## The data

☆ ☆ ☆ ☆ ☆ ☆ ☆

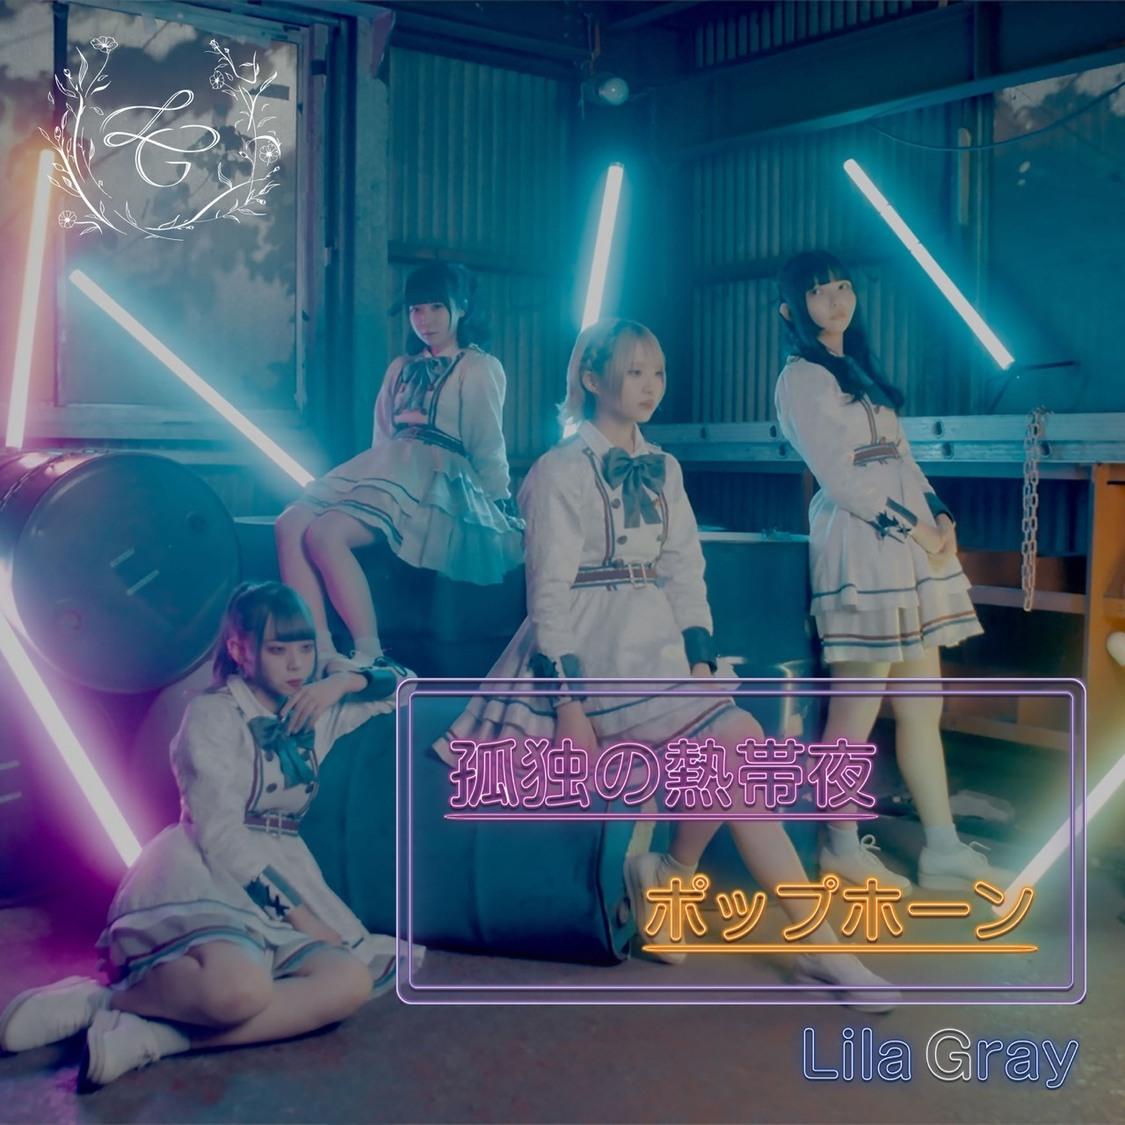 1stシングル「孤独の熱帯夜/ポップホーン」
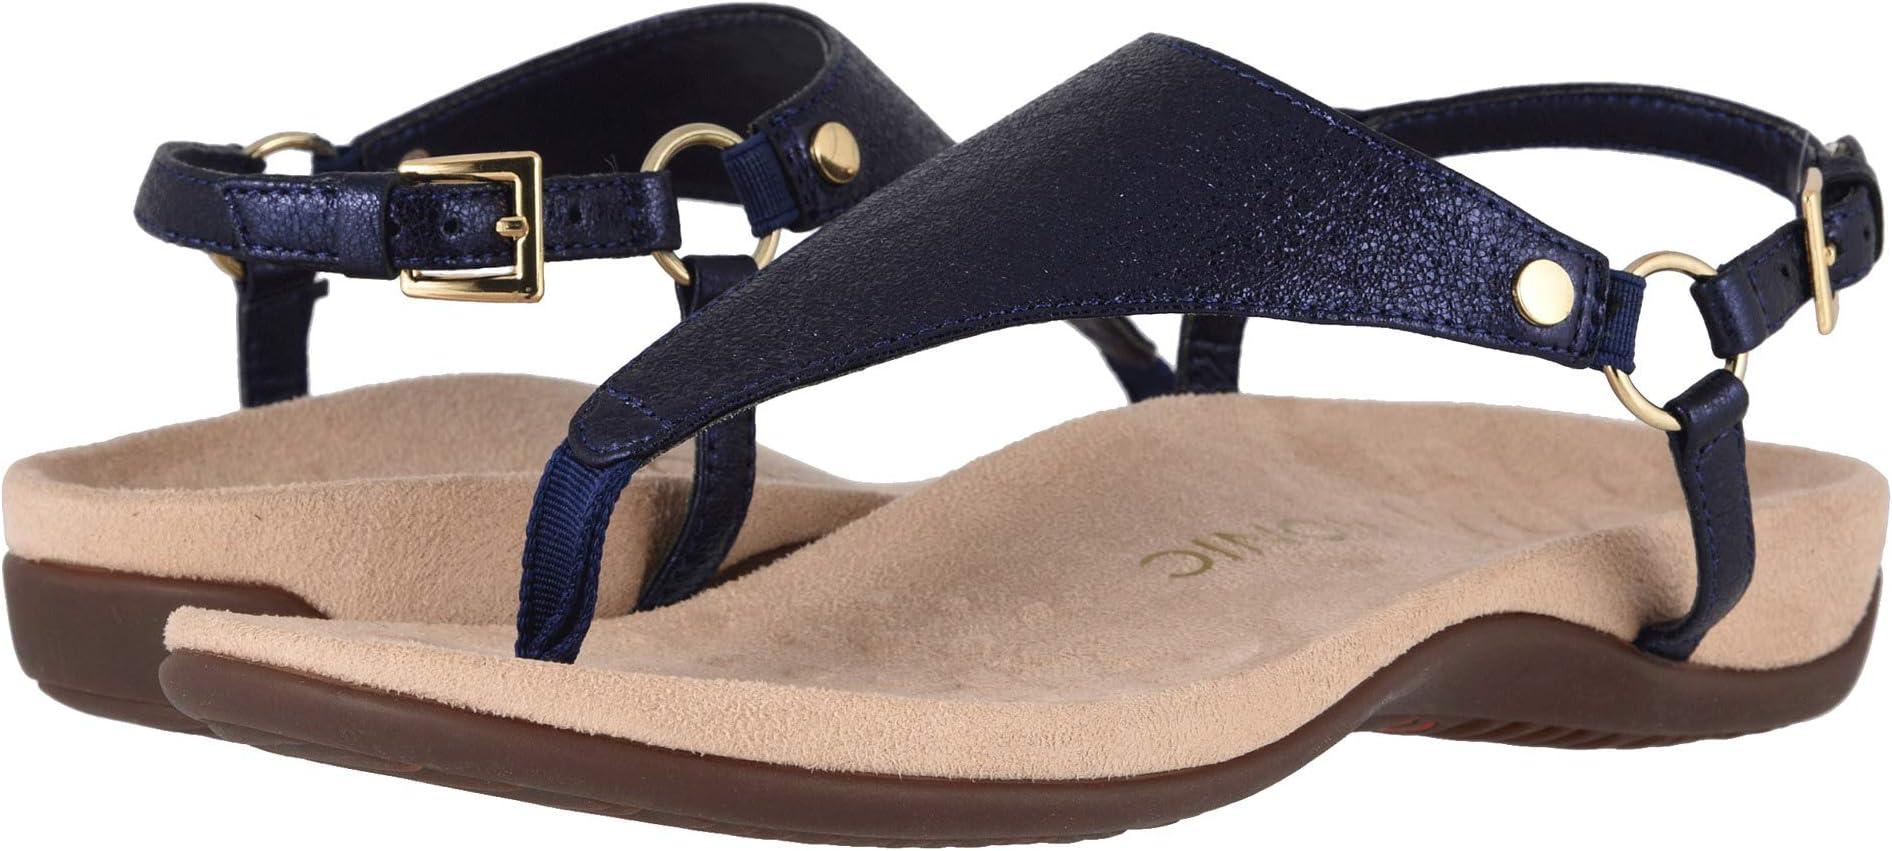 TC-2-Sandals-2019-4-01
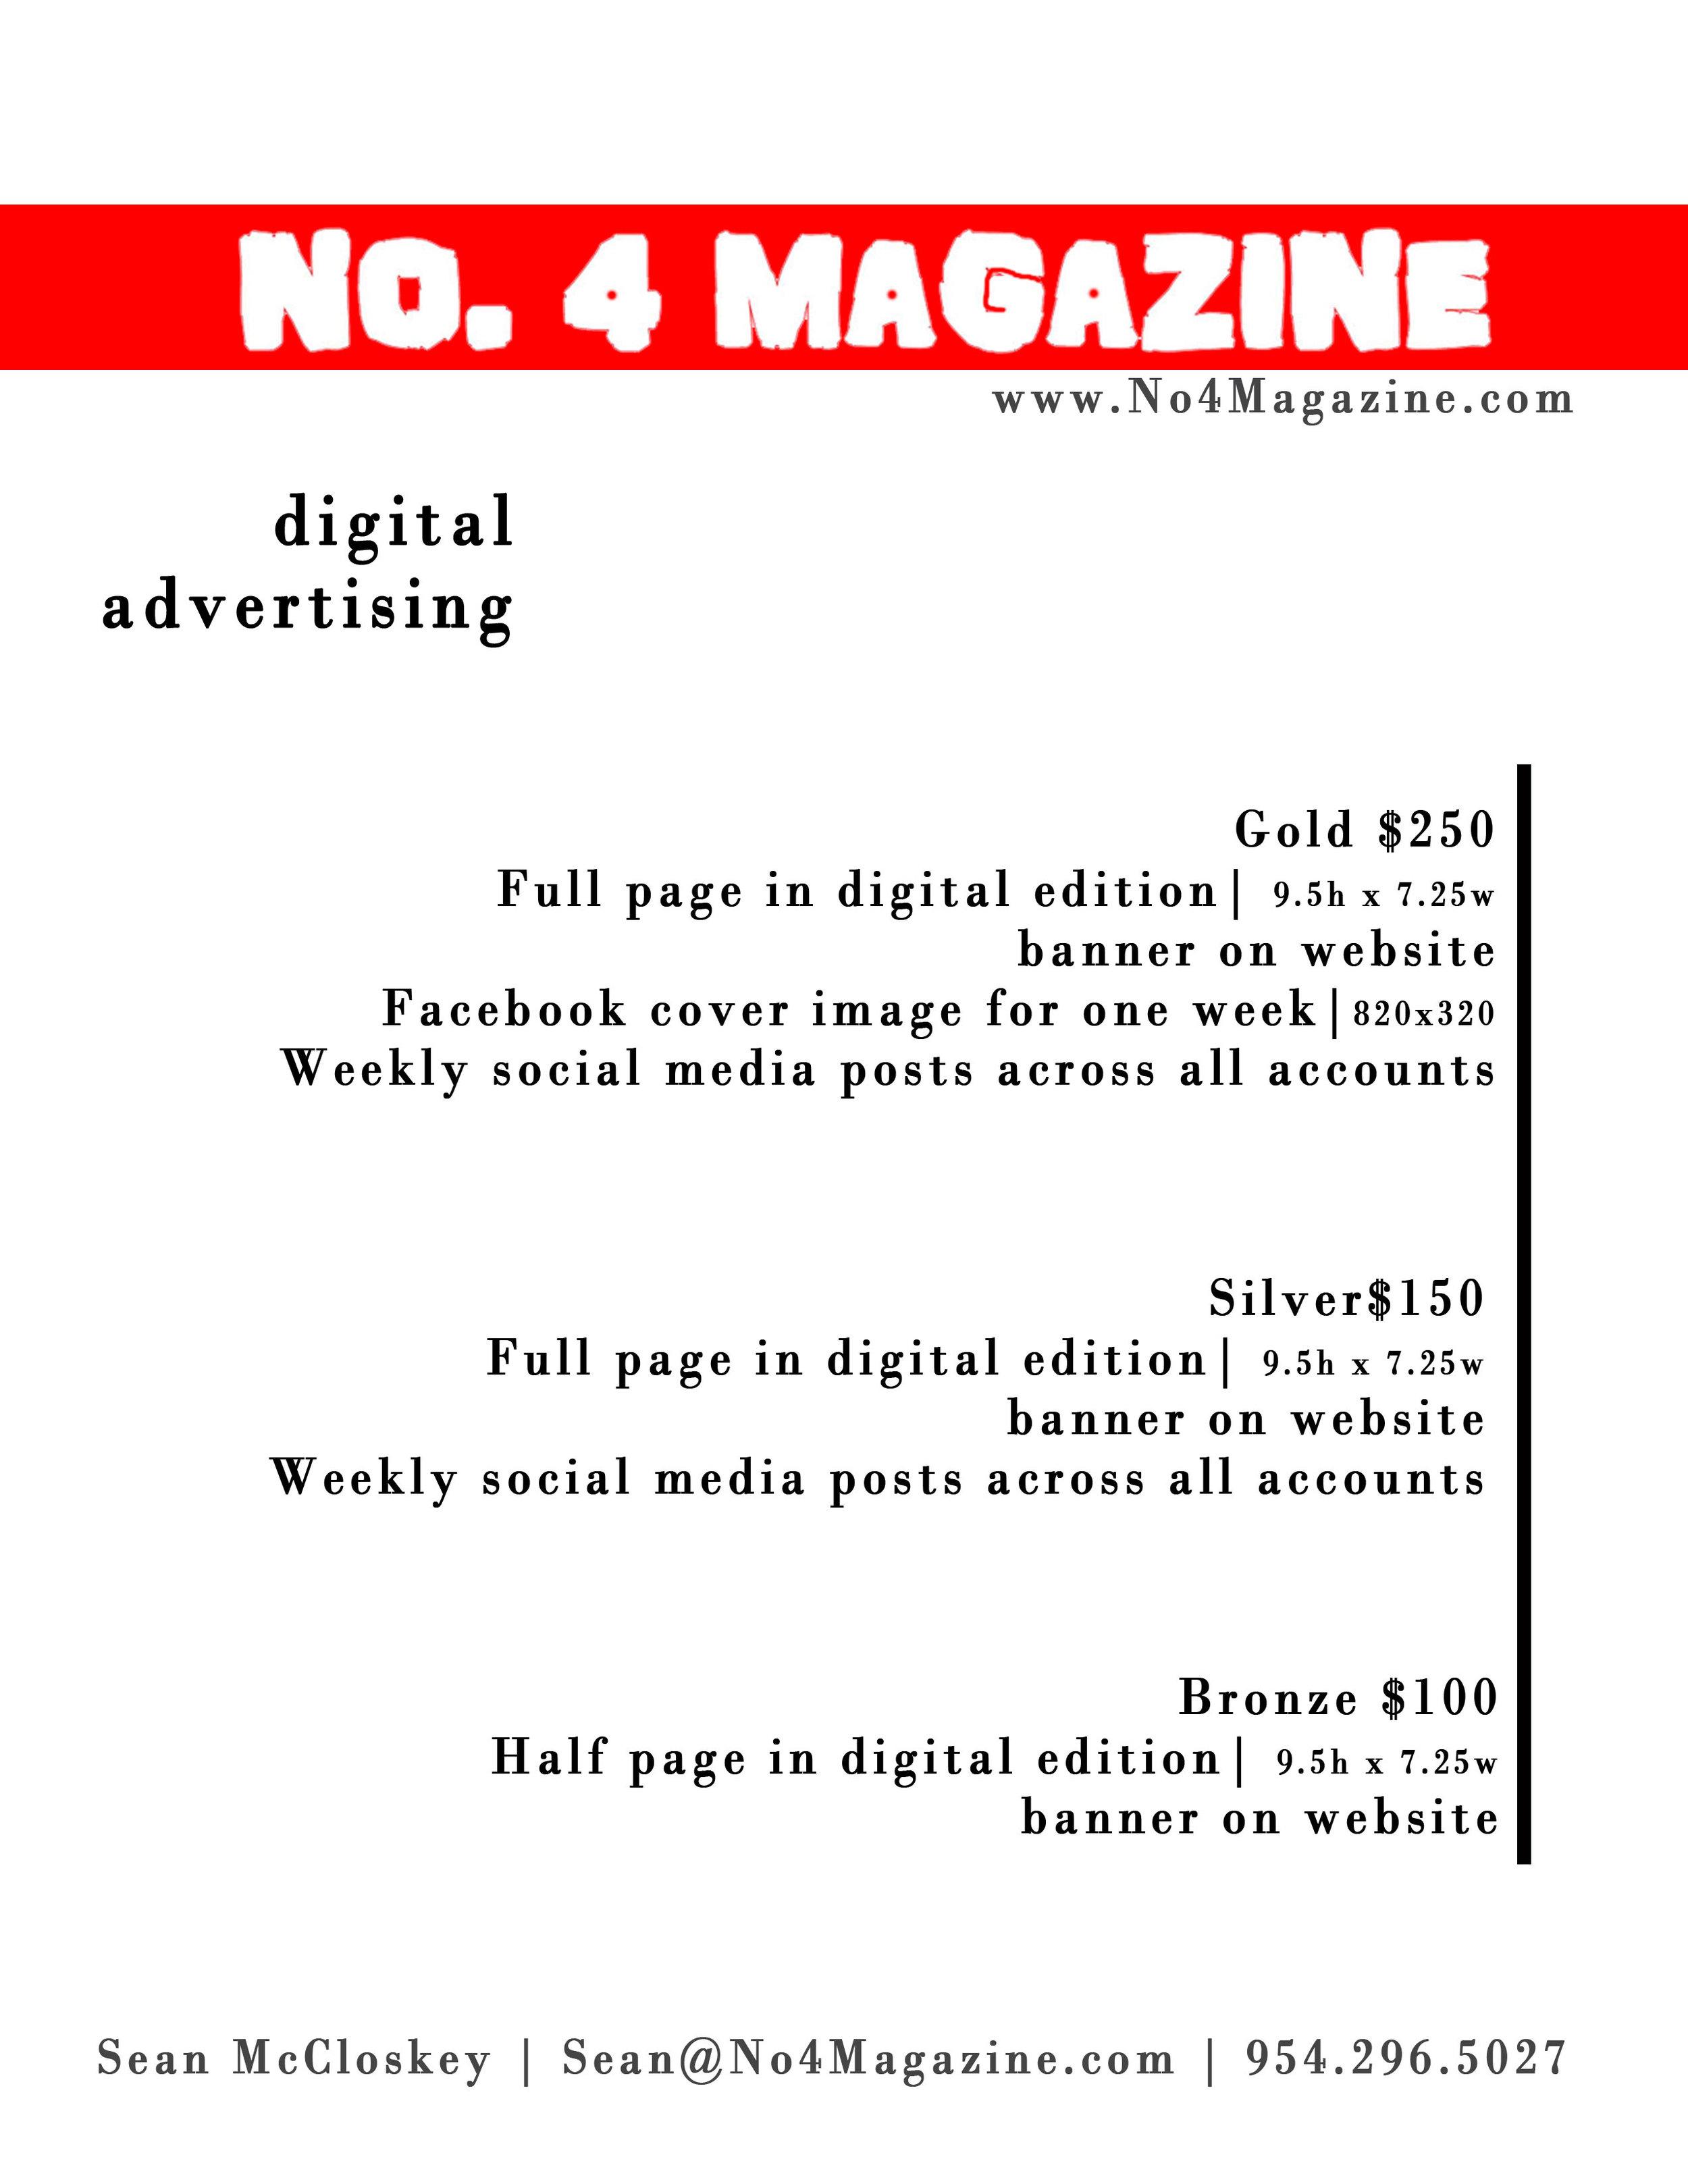 No4Magazine-Advertising.jpg

☆ ☆ ☆ ☆ ☆ ☆ ☆

Print the listing exactly. No pictures belong in the copy.

## Exercise response
 1stシングル「孤独の熱帯夜/ポップホーン」
 TC-2-Sandals-2019-4-01
 No4Magazine-Advertising.jpg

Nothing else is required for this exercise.